The parable of the stream and the desert

desert creek“ There was once a stream that flowed through many lands until it came to a desert. It could go no further. There was no way for it to cross the desert. Its waters just disappeared into the sand. Yet the stream felt in the depths of its being that it was to cross the desert. Faced with what seemed an impossible situation the stream was on the point of despair, when a still, small voice whispered in its ear: ‘in your present form you will never cross the desert. But although to you it seems an impassable barrier, the wind crosses the desert, and so can you. If you surrender into the arms of the wind, and lose yourself within it, you will be lifted over the sands. Then you will fall as rain, and become a stream again.’

 But the stream did not like this idea. It had never lost its own identity before. And once this was lost, could it ever be found again? Would the stream not simply disappear forever? Again the voice spoke to the stream: ‘I know that you have doubts, but do you have any alternative? If you remain in your present form you can go no further. You may think of yourself as a stream, but that is not your true essence. If you surrender to the wind your essence will not be lost’.

 These words echoed within the stream, and awoke distant memories that long, long ago, some essential part of itself had been borne in the arms of the wind. With this memory came the realization that surrender to the wind was the only thing to do. Its true self would not be lost. It could never be lost.

 And so the stream surrendered into the welcoming arms of the wind, which lovingly absorbed it, and carried it over the desert and far away, until it reached some distant mountains, where it fell as rain. And because it had had its doubts, the stream was able to remember this whole experience, and in doing so it realized its true identity.”

Am I fit to follow the Sufi path?

(Notes from listening to Hazrat Asad Rasool ( circa 1996)

Mosque ceiling, Uzbekistan1. Do not believe Shaitan (or your doubts) when he says, “you are not fit for this”. Use will power to sit regularly in meditation.

2. We are separated from Nature and from Truth and therefore from God.

3. What are the needs of people? They wish to be relieved from mental tension (suffering).

4. There are two kinds of cure (as in medicine), symptomatic and causal.

5. The cause of our suffering is estrangement from God.

6. Overcoming this estrangement requires the development of true spirituality. This is not the same as “spiritualism” or the cultivation of “cultic” practices or beliefs.

7. True spirituality is hard to define. In this Sufi path it is attainable via transmission from the teacher. The teacher is able to transmit the means of receiving blessings from the Almighty just as the transmitter enables the broadcast of TV programs.

8. Just as the TV receiver needs to be “tuned in”, in the same way the student of the Sufi teacher needs to be able to receive the blessings.

9. The aim of this is not the gaining of spiritual “powers”. The aim is only to achieve closeness to God.

10. God is merciful, and if we take one step towards him he takes 10 steps towards us.

11. This closeness can also be achieved by the love of the student for the teacher.

12. The teacher “offers up” the love received from the student towards God. In this way the teacher acts as a sort of channel by which the student can get closer to the Almighty, or the Holy Essence.

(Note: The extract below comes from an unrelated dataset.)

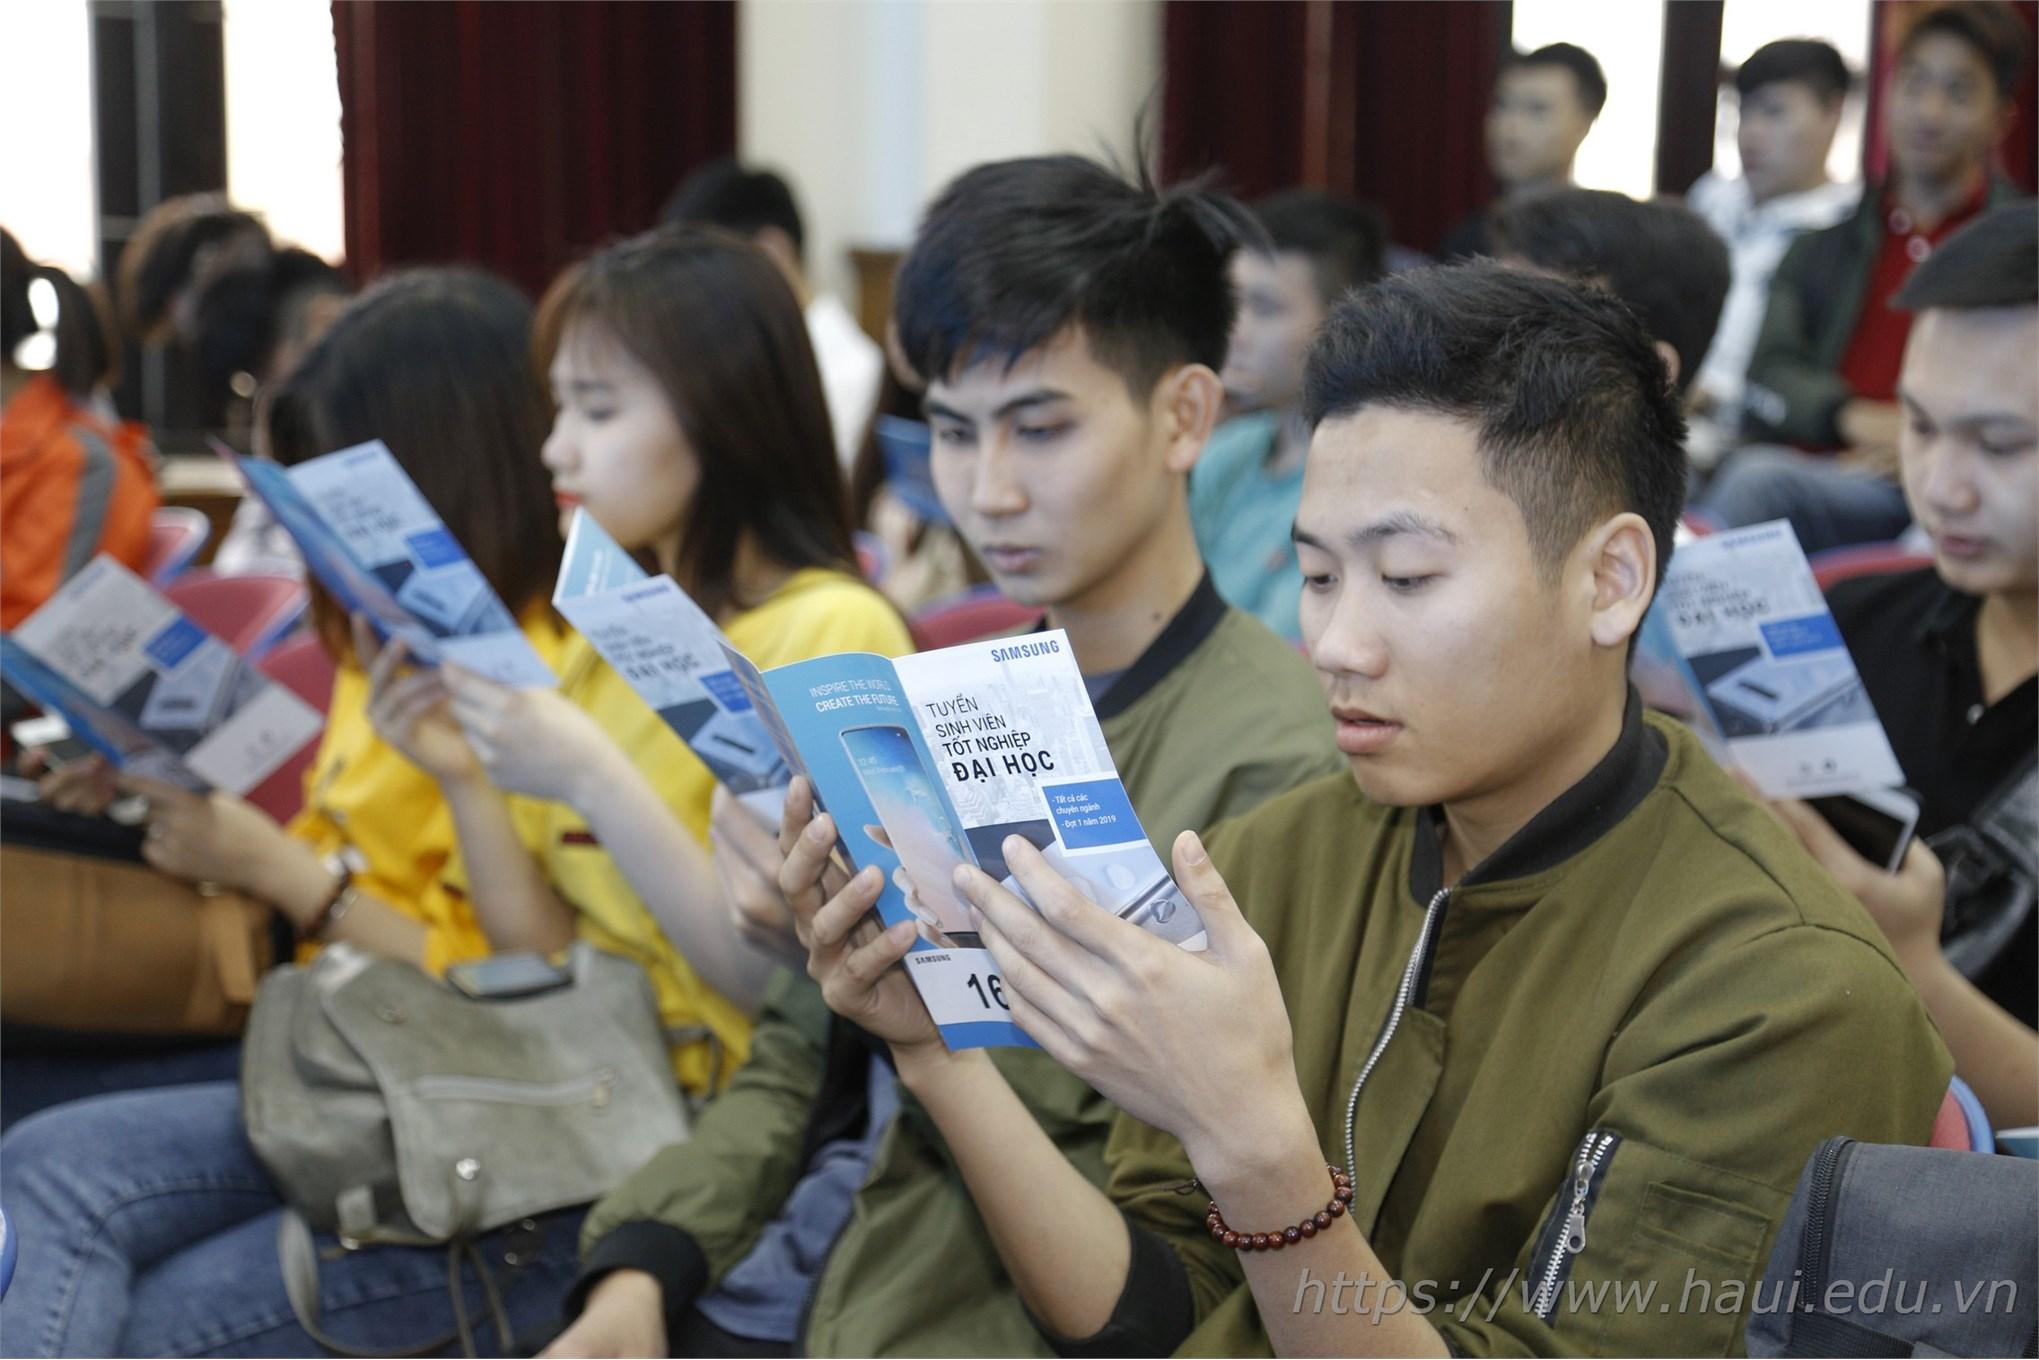 Nhiều cơ hội làm việc hấp dẫn tại Samsung Electronics cho sinh viên Đại học Công nghiệp Hà Nội

13. At the first step of the meditation the student turns their attention to the “heart”.

14. The heart then itself turns towards the Divine Essence (the Centre of the universe, the life spring of the universe, the essential energy of the universe).

15. There is something in the heart, which knows how to turn towards the Centre, just as a flower turns to the sun.

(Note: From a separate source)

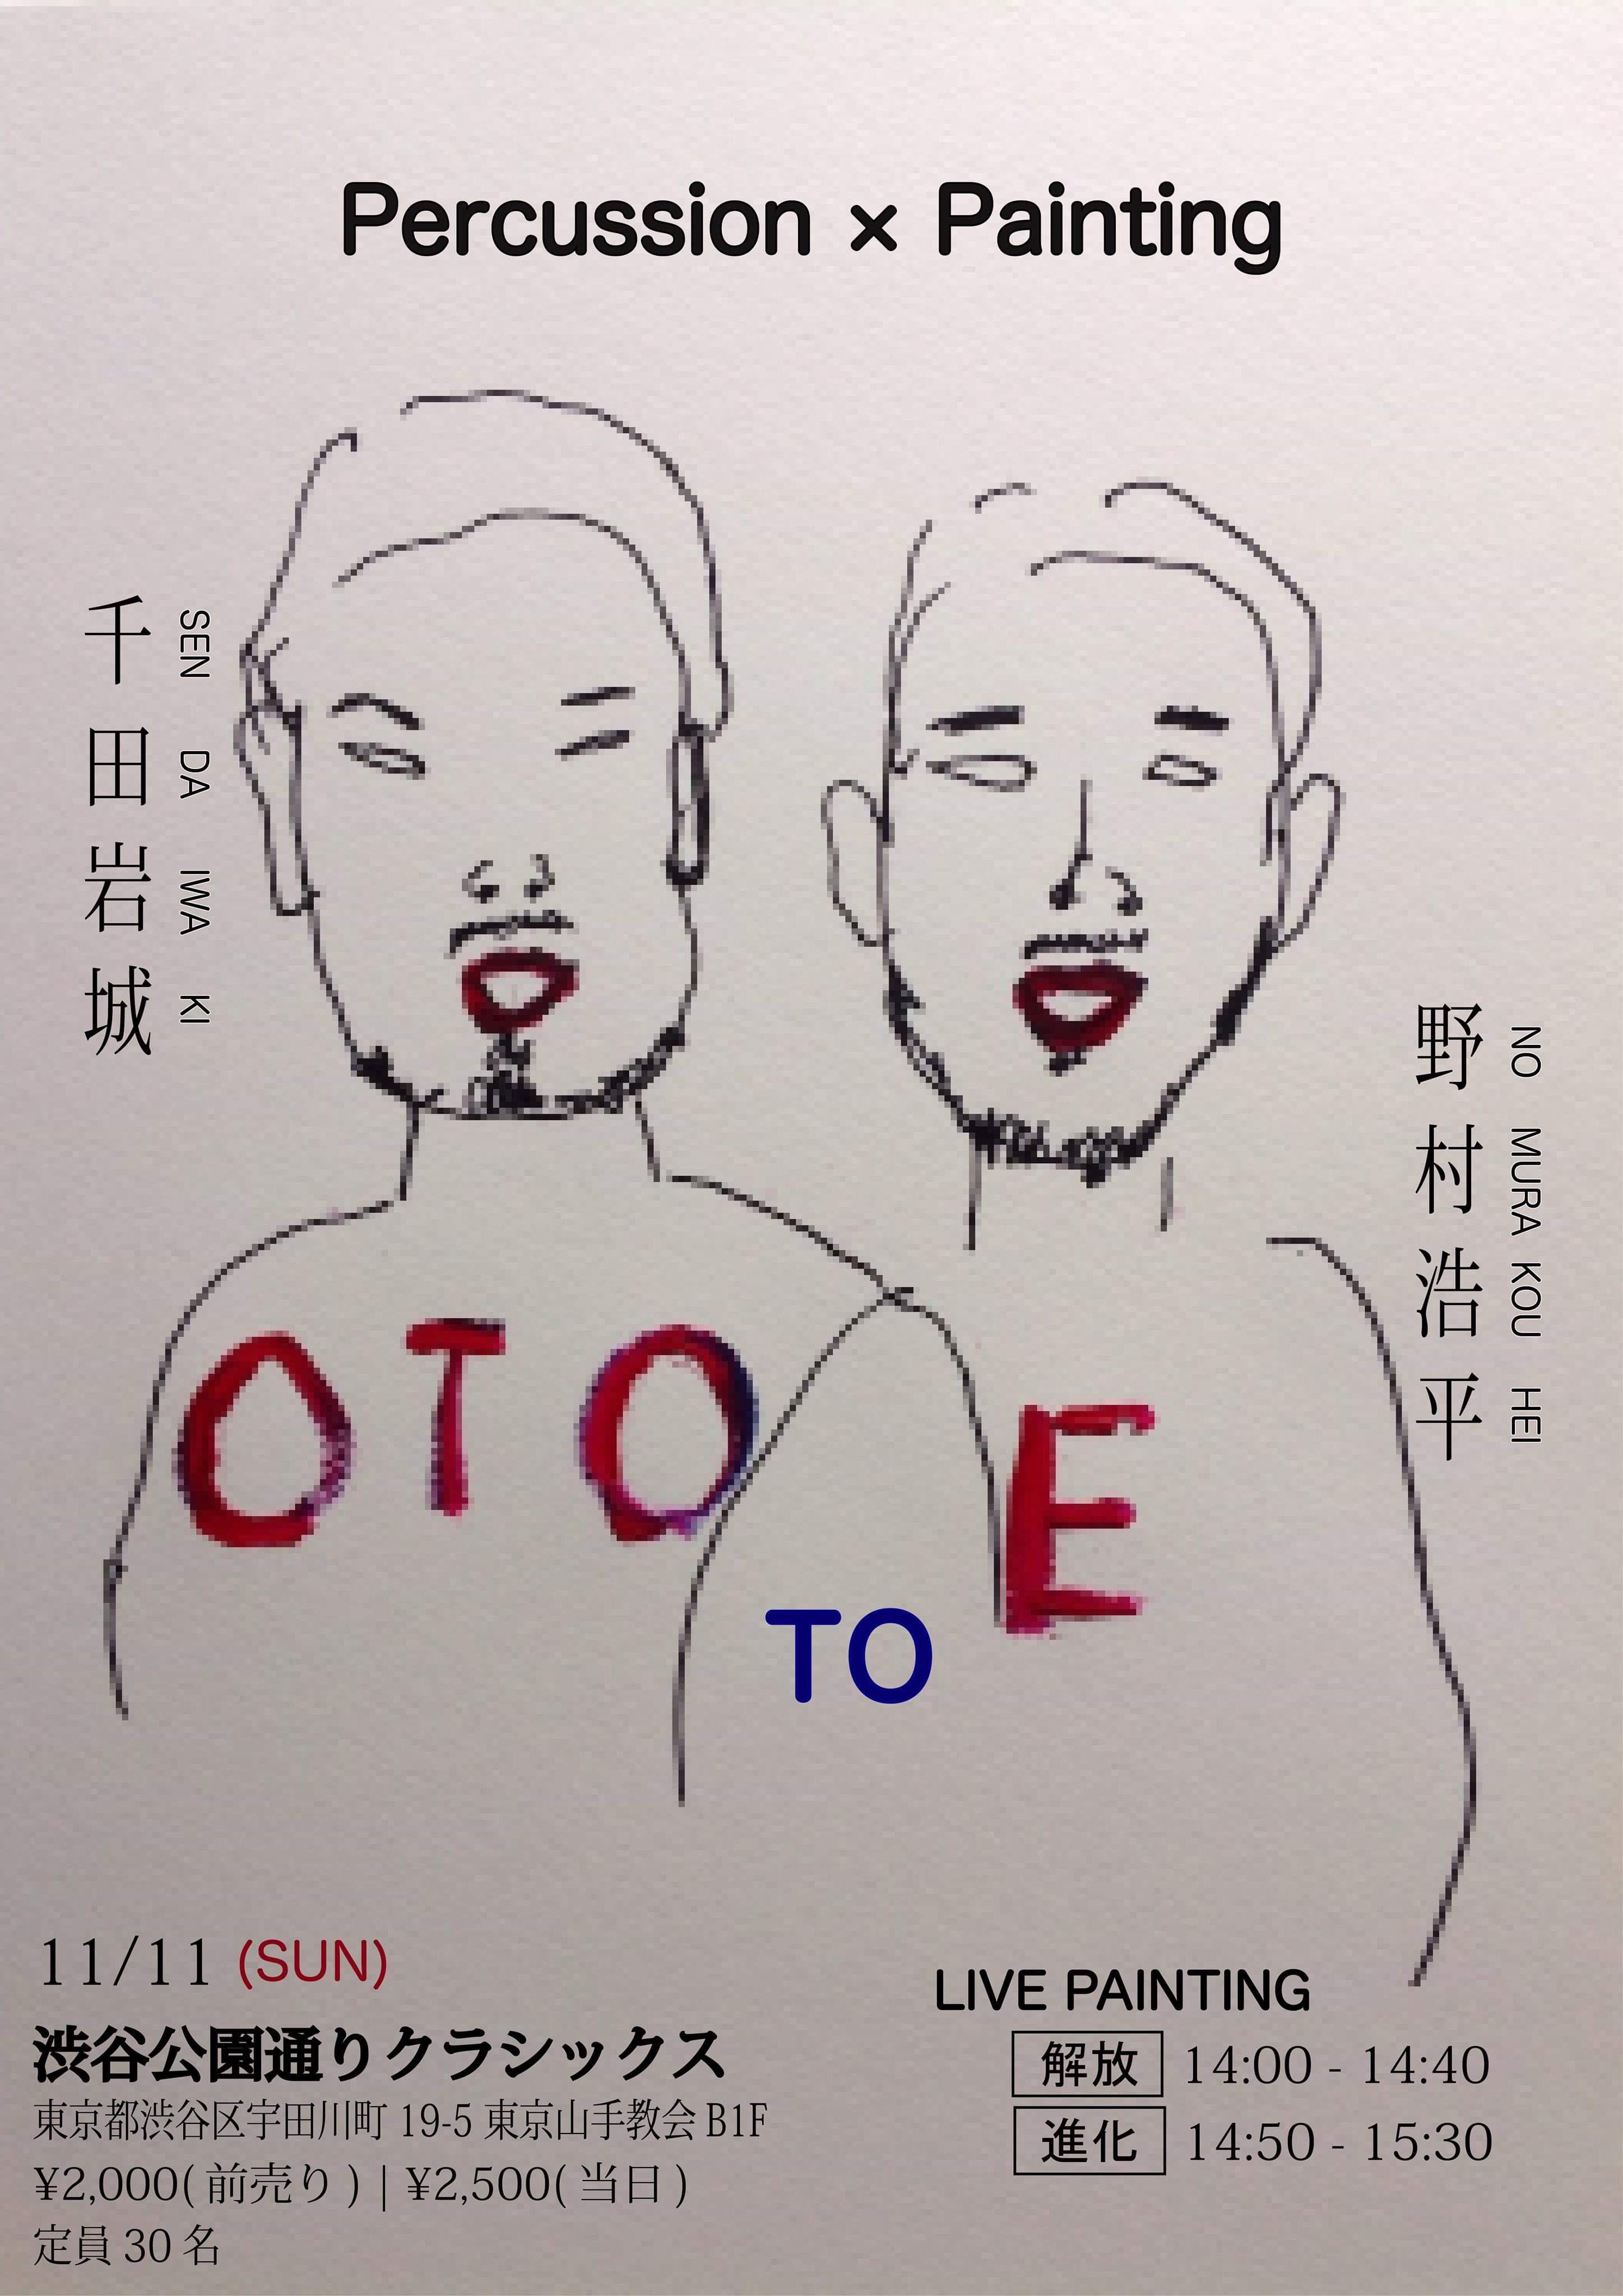 「OTO TO E」

16. But we have first to turn towards the heart for this second stage to happen.

17. There is then a softening and an expansion of the heart which takes place.

18. This is both literally and metaphorically true.

19. The softening and expansion generates what we call “light”. The light imparts a lightness of being, and it can also enlighten.

20. The softening enables greater sympathy and empathy for others.

21. The softening also involves a vulnerability to others. This vulnerability can open a point of weakness, which relates to humility, when we consider ourselves “unfit” for this path, because we become aware of our failings and inconsistencies.

22. We need at these points to remind ourselves that we are “fit enough”, and capable of overcoming obstacles in our path. Because as we desire closeness with God, God responds by moving closer to us.